My experience: I don't feel that BF is terribly bonding wonderful feeling etc at all. It is a good efficient way of getting calories into babies, and it is a food designed for them, so I BF. But I find it boring TBH and a PITA not being able to leave baby with anyone else. However,the first weeks are the worst, and things actually settle down quite quickly, they feed more efficiently and their tummys grow so they go longer between feeds. So (barring growth spurts) it just gradually gets easier and easier. Then when they get the hang of solids you can leave them with other people and the whole thing gets loads easier.

Anyway, I am glad that you are feeling better. Take it one step at a time, if you accept that for you it might not be a tremendously emotional thing but simply a good way of feeding your baby then hopefully you will stop feeling bad. Maybe expectations were a bit high there. I always thought it would be agonisingly painful so was just grateful when it didn;t hurt that much!

Also if he is messing around with your nipples don't be afraid to take him off - and either relatch or not depending on whether you think he is still hungry. If he is chewing on the end of your nipple it will be very sore for you.

Good luck

PassMeTheKleenex · 18/02/2010 21:53

ISNT - thank you for coming to find me over here. I really thought you spoke a lot of sense about the reasons that people can't/don't want to BF...and whether others think these reasons are ''good enough''.

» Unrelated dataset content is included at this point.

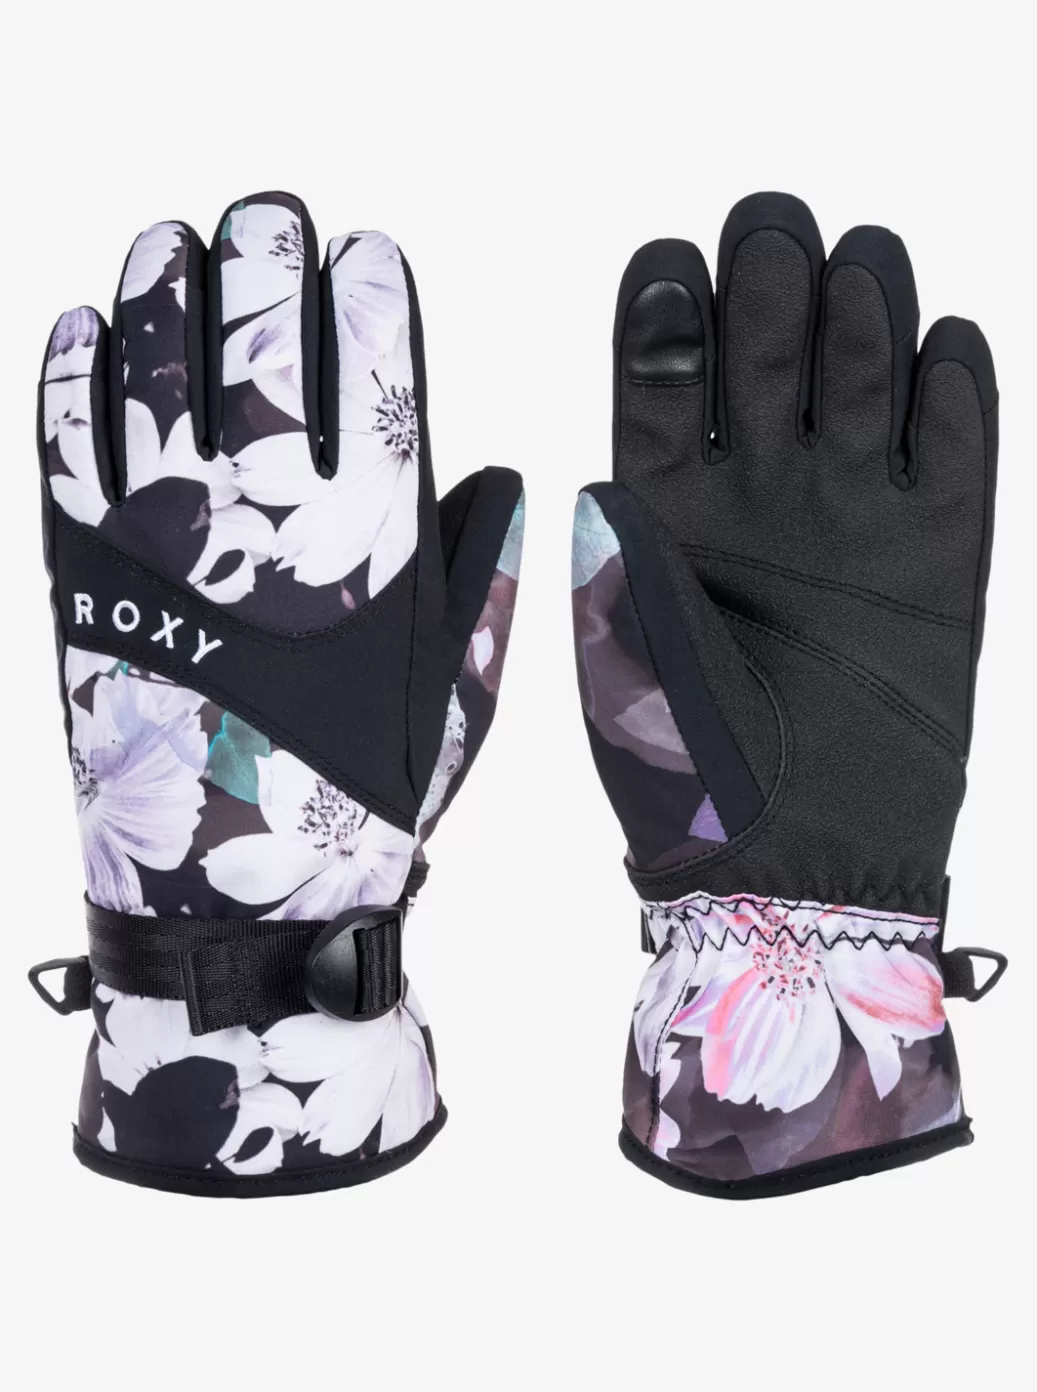 Snow Accessories | Girls Snow | KIDS | WOMEN ROXY Girls' 4-16 Jetty Technical Snowboard/Ski Gloves True Black Blurry Flower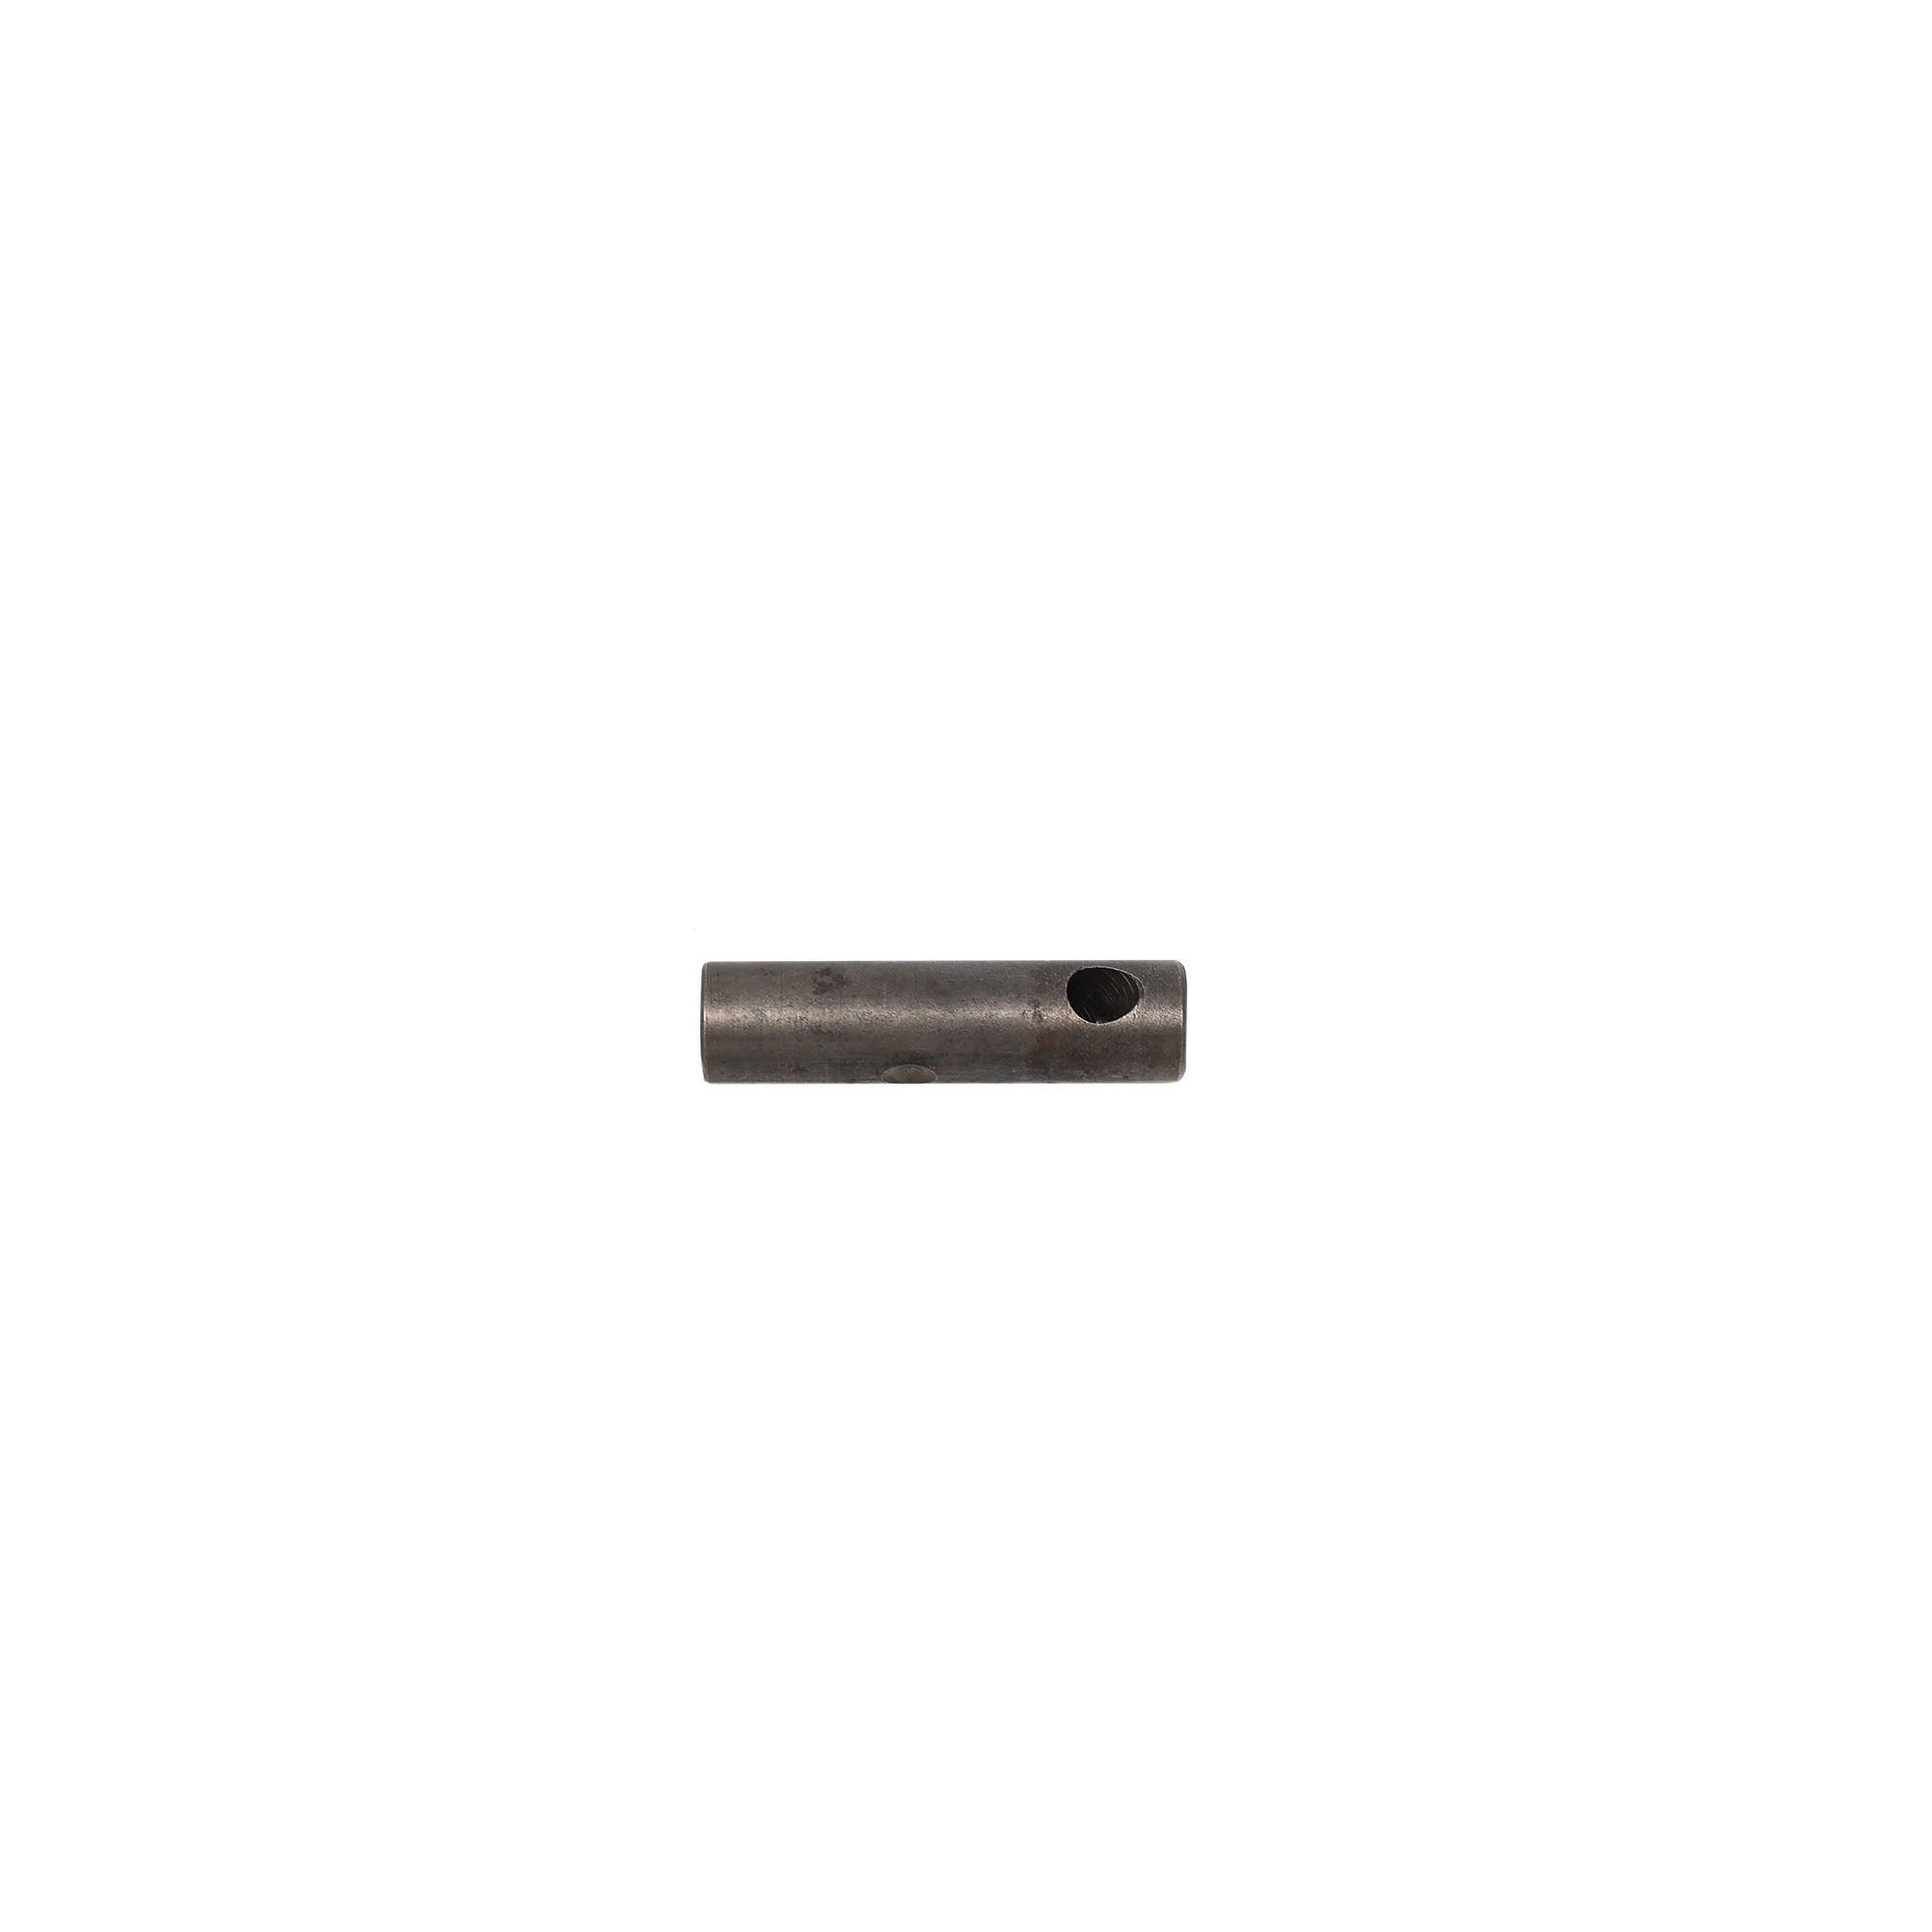 Sandblast Guns & Nozzles, Parts & Accessories, 3/16″ Steel Combo Nozzle for Handheld AHPB1 Gun, 101111 Combo Nozzle, American Hawk Industrial, Dee-Blast

I do indeed have some Lansinoh - it was great when my nipples were very cracked, then I eased off it when that particular problem went away. I'm going to start using it again - prevention must be better than cure. Can you get a cream that shrinks your nipples back to pre-BF size - I swear my right one is about an inch long now

The dummy is no longer an emergency item...

OP posts:
sparklycheerymummy · 18/02/2010 22:17

I am glad some people are seeing both sides of the feeding debate..... i am bf and quite enjoying it.... BUT there are days when he throws up on my breasts or messes and fusses and when my breasts are sore. Its ok to have dys like these and in the end you do what is right for your baby but also for you and the whole family unit.... a miserable mummy is not nice for you or your ds. Do whats right for you lovey and NEVER EVER feel guilty for any decision you make. I ff dd1 and she is fin$e, eats well, sleeps well and is very healthy, she is clever and polite and downright fab. bf ds too is great and very conveniant when i am rushing in and out on the school run!!!!

sparklycheerymummy · 18/02/2010 22:19

ds has a dummy amd it stops the sucking for comfort and also helps shit the more deep rooted wind. i got him a BILLY BOB dummy..... look them up they are hilarious.